In this paper I will present Basket analysis process on data Webscrabed from portal Otomoto.pl. (please find the process in my other paper)
The basket analysis will be performed on the data composed by 3 factors: mark, age and the location of the cars that are for sale.
library(arules)
library (arulesViz)
as<-data[c("mark","location","age")]
#create factor variables
as$mark<- as.factor(as$mark)
as$location<- as.factor(as$location)
as$age<- as.factor(as$age)
For the basket analysis we need to transform the data into ‘transaction’ form. We can perform it by:
split(as[,1], as[,2], as[,3])
trans <- as(as, "transactions")
inspect(trans)
which gives us the result:
1860 transactions with 54 columns
example: [495] {mark=Citroën,location=Zachodniopomorskie,age=9} 495 [496] {mark=Peugeot,location=Wielkopolskie,age=10} 496 [497] {mark=Peugeot,location=Zachodniopomorskie,age=10} 497
Apriori analysis is done with usage of the function apriori() and we retreived 11 rules
trans_rules<-apriori(trans, parameter = list(supp=.002))
inspect(trans_rules[1:11])
# lhs rhs support confidence lift count [1] {mark=Saab} => {age=10} 0.002143623 1.0 2.677188 4
[2] {mark=Subaru} => {age=10} 0.002143623 0.8 2.141750 4
[3] {mark=Dodge} => {age=10} 0.002143623 0.8 2.141750 4
[4] {mark=Mini} => {age=10} 0.002679528 1.0 2.677188 5
[5] {mark=Audi} => {age=9} 0.002143623 0.8 2.985600 4
[6] {mark=BMW,location=Pomorskie} => {age=10} 0.002143623 1.0 2.677188 4
[7] {mark=Volvo,location=Dolnośląskie} => {age=10} 0.002143623 1.0 2.677188 4
[8] {mark=Mazda,location=Świętokrzyskie} => {age=10} 0.002143623 1.0 2.677188 4
[9] {mark=Hyundai,location=Zachodniopomorskie} => {age=10} 0.002143623 0.8 2.141750 4
[10] {mark=Seat,location=Kujawsko-pomorskie} => {age=9} 0.002143623 1.0 3.732000 4
[11] {mark=Peugeot,location=Kujawsko-pomorskie} => {age=9} 0.002143623 0.8 2.985600 4
lhs (Left hand side) - this is our basket that emphasize to ‘choose’ rhs rhs (RIght hand side) lift value - when is over 1.0 it means is a good form to consider In the following example, we can expect that if the mark of the car is Saab that means with the coifidence level = 1.0 that age of the car is 10 years. The first rows are probably the result of the small number of observations in our dataset(less than 6).

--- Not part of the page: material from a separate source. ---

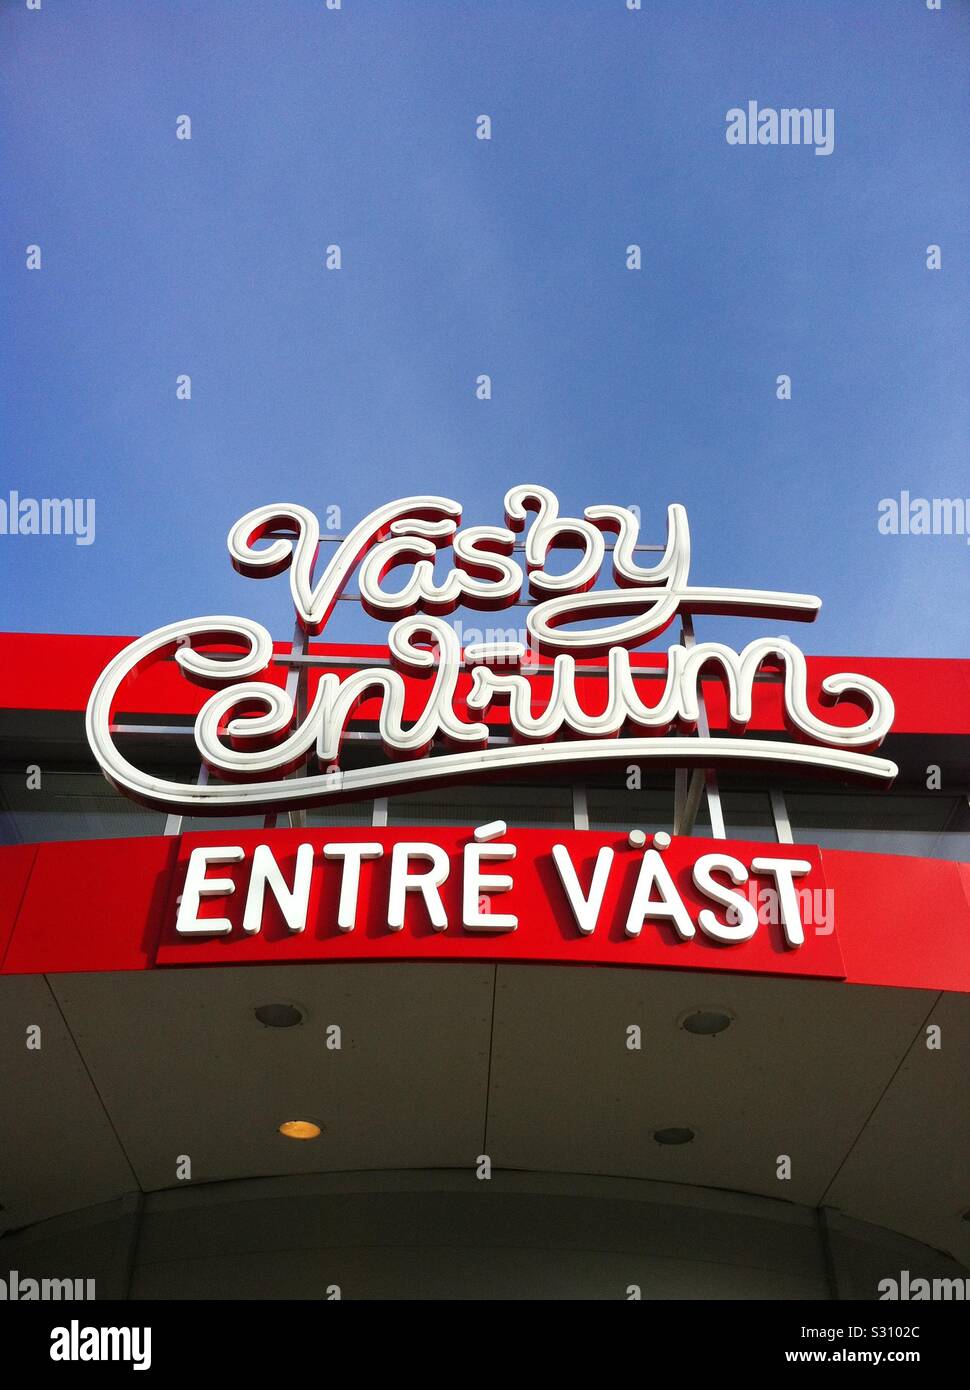 Upplandsvasby (upplands vasby) centrum signage colour conteast and typeface design outside of the west entrance of the shopping mall. Stock Photo

to check whether rules are unique we can call function:
####redundant in rules
redundant_rules<-is.redundant(trans_rules)
summary(redundant_rules)
By using plots we can easily show how components interact with each other
topRules<-trans_rules[1:10]
plot(topRules, method="graph")
Above graph shows top 10 rules. In the centre there is the value {age=10} which was the mostly chosen in our rules set as the right hand side. Around there are the values that occurs most frequently with that value.
The other method of visualising the interactions.
plot(topRules, method = "grouped")
We can also choose one of the component of the transaction and check with other components interacts with it. Its can be done by the following function:
#taking subsets of association rules that the age of the car will be 9 years old
ten_rules <-subset(trans_rules, items %in% "age=10")
inspect(ten_rules)
plot(ten_rules, method="graph", measure="lift",shading="confidence")
As we see the graph is very similar to the previous one, because of the condition {age=10}.